LITTLETON, Colo.—Evan Todd, then a sophomore at Columbine High School, was in the library on the day 19 years ago when Eric Harris appeared in the doorway, wielding a shotgun. Harris fired in his direction. Debris, shrapnel, and buckshot hit Todd’s lower back; he fell to the ground and ducked behind a copy machine. Harris fired several more shots toward Todd’s head, splintering a desk and driving wood chips into Todd’s left eye.
Todd listened for several more minutes as Harris and Dylan Klebold murdered their classmates, taunting them as they screamed. Todd prayed silently: “God, let me live.”
Then Klebold pulled back a chair and found Todd hiding underneath a table.
He put a gun to Todd’s head. "Why shouldn't I kill you?" he asked.
“I've been good to you,” Todd said.
Klebold looked at Harris. “You can kill him if you want,” Klebold told his teenage co-conspirator.
No one knows why—indeed, no one knows the “why” behind such violence—but that’s when Harris and Klebold left the library. Todd got to live.
Thirteen people did not, though. Today, that’s why Todd supports allowing teachers to have guns in schools. Teachers shouldn’t be required to be armed, he says, but if they already have a concealed-weapons permit, and they’re already comfortable using a gun, why not let them have it with them in school, the place they are most of the day, and the place where these attacks happen over and over again?
Today, Todd is a stocky, bearded manager of construction projects, and describes himself as a history buff. He grew up around guns, but after Columbine, he thought hard about whether easy access to them might have been what caused the shooting. No, he decided. “We've always had guns since the beginning of the founding of our country, but what we haven't always had are children murdering children,” he told me over coffee this week. “Something has changed.” Todd believes school shootings are motivated by a fundamental lack of respect for human life.
The way Todd sees it, “liberals like to control others and conservatives like to control themselves.” He glanced around the Starbucks where we were sitting. Statistically, he said, four people there were likely have guns on them. Being near four guns might scare many liberals. Many conservatives, though, would want to be one of the four with a gun.
The gun debate is an odd one because, at some level, everyone agrees on what they want: No more Columbines. No more Parklands. Most people affected by the Columbine massacre can even agree on what definitely didn’t cause it. After the shooting, Columbine developed a reputation as a toxic school where jocks tormented “geeks” like Harris and Klebold. But it’s a stretch to say the shooters were pitiable outcasts, bullied until they snapped. In reality, they were budding little fascists who wore swastikas on their clothes and spewed racial slurs as they gunned down black classmates. Kumbaya circles wouldn’t have fixed that.

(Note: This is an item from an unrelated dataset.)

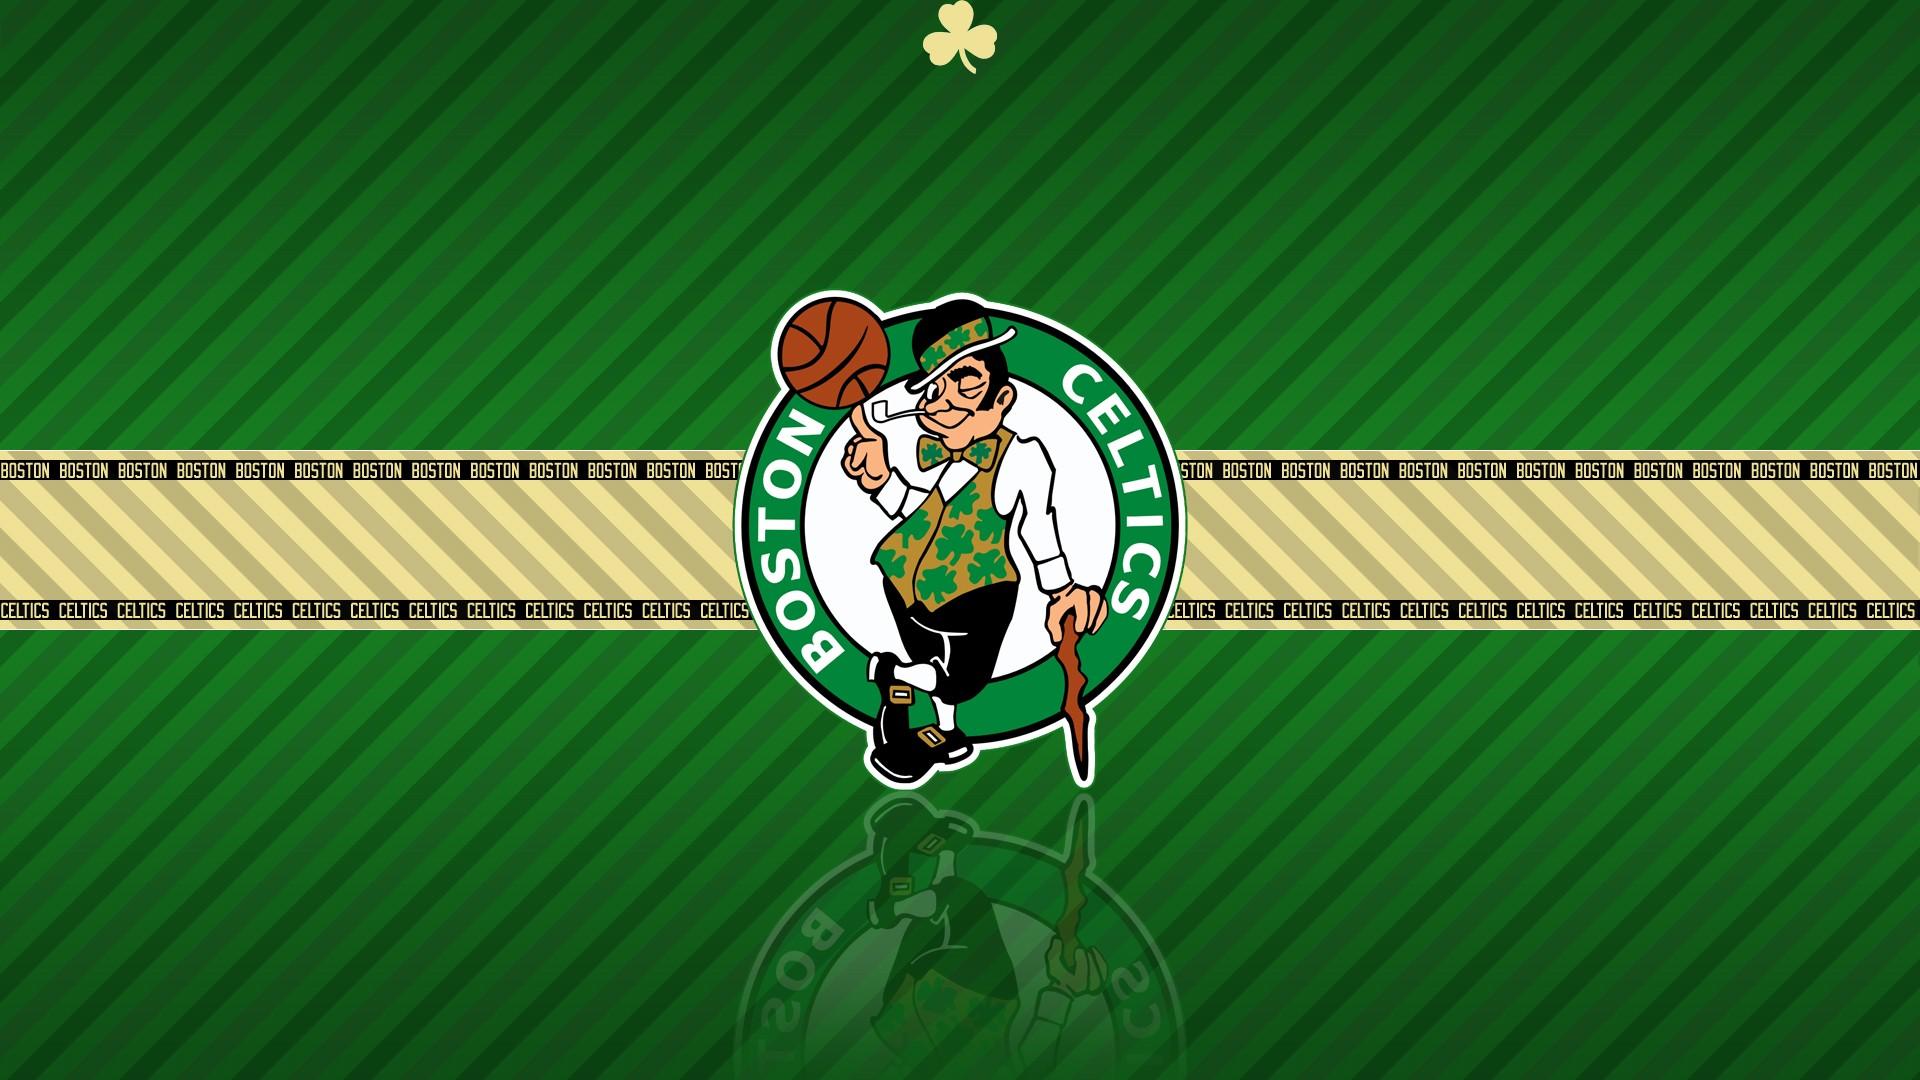 Boston Celtics Computer Wallpapers Desktop Backgrounds 1920x1080 1920x1080
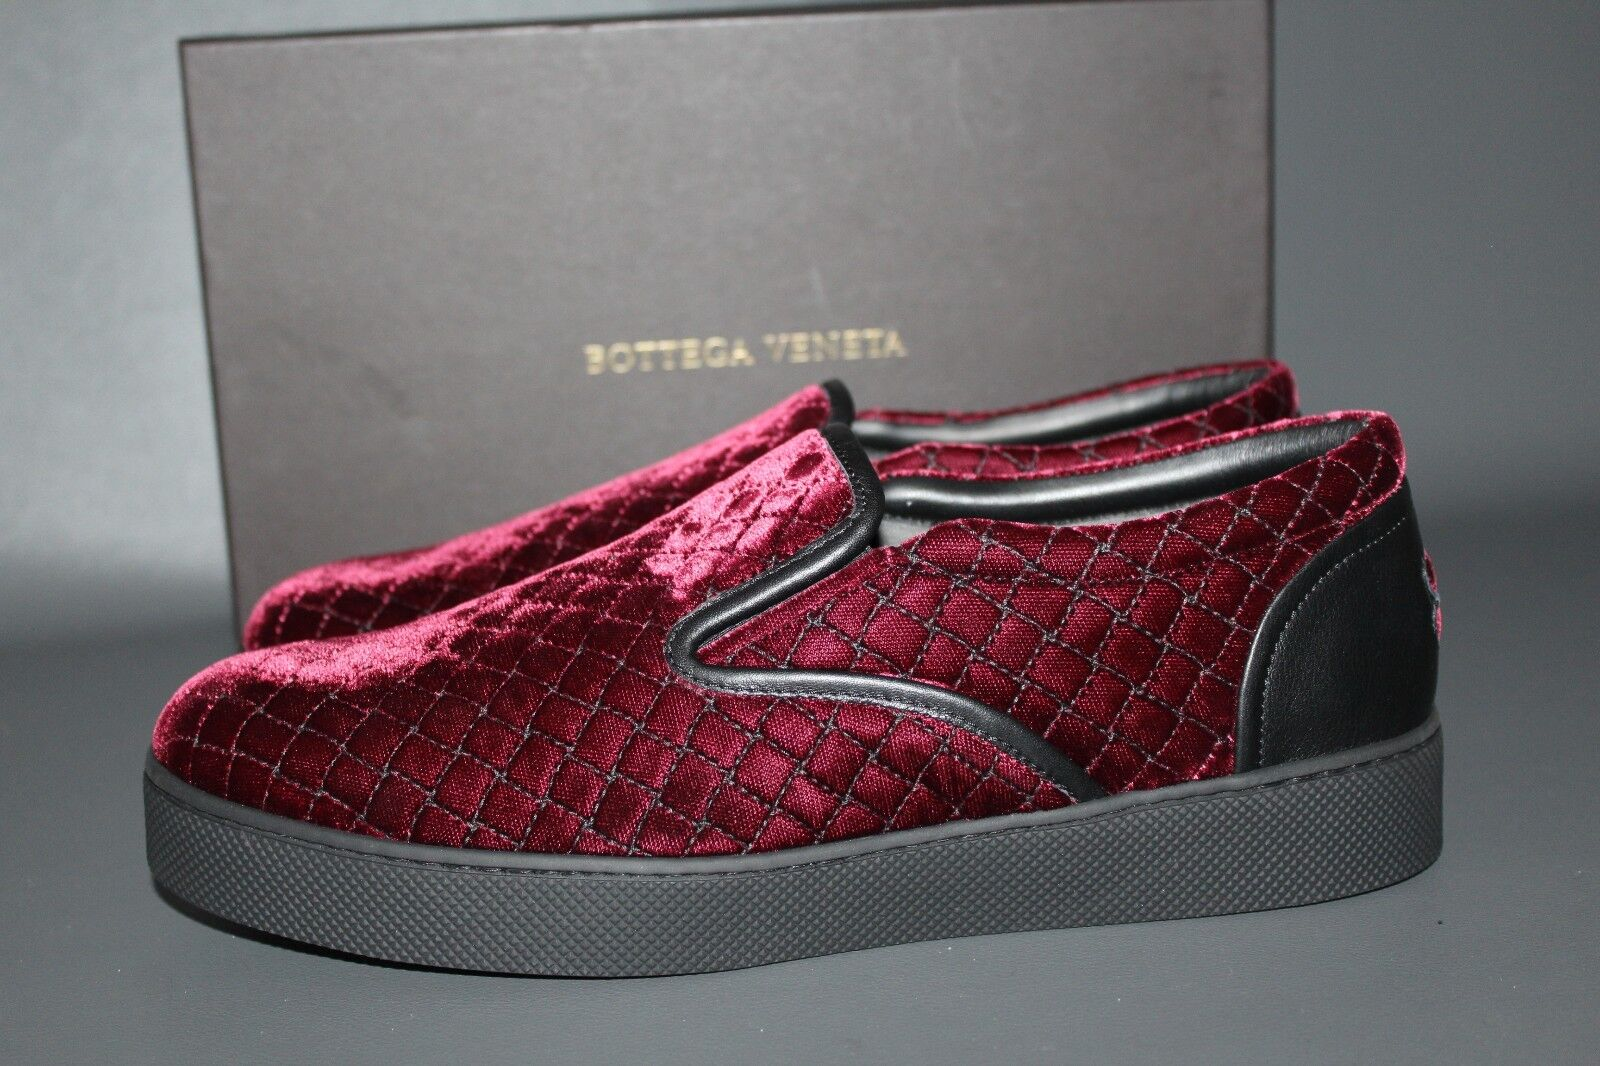 BOTTEGA VENETA Damen Schuhe Gr. 40 Slip On Sneaker Bordo Suede Made in Italy NEU

But, nearly 20 years later, not even people in Littleton can agree whether the best way to prevent another Columbine is more guns or fewer. Todd’s experience—a 15-year-old whose brush with death-by-gun led him to respect guns more—helps to explain why there have been so few new federal gun restrictions since Columbine.
There have been at least 10 mass school shootings in the years since, which have claimed at least 122 lives. On Saturday, hundreds of thousands of young people will march on Washington to show just how much this disgusts them. They believe they will be the ones to end the most calcified cultural stalemate of our time: that Americans fundamentally do not agree on whether guns are dangerous—or essential.
Todd worries that if more guns are removed from the hands of law-abiding citizens, a tyrannical government could take over—we could see an American Stalin or Mao. “More people would be murdered without the Second Amendment,” he said.
In the nearby town of Centennial, 64-year-old Carol Schuster said that’s one thing that keeps many conservatives from supporting gun control. “They’re afraid of the government,” she told me. She knows because she used to be one.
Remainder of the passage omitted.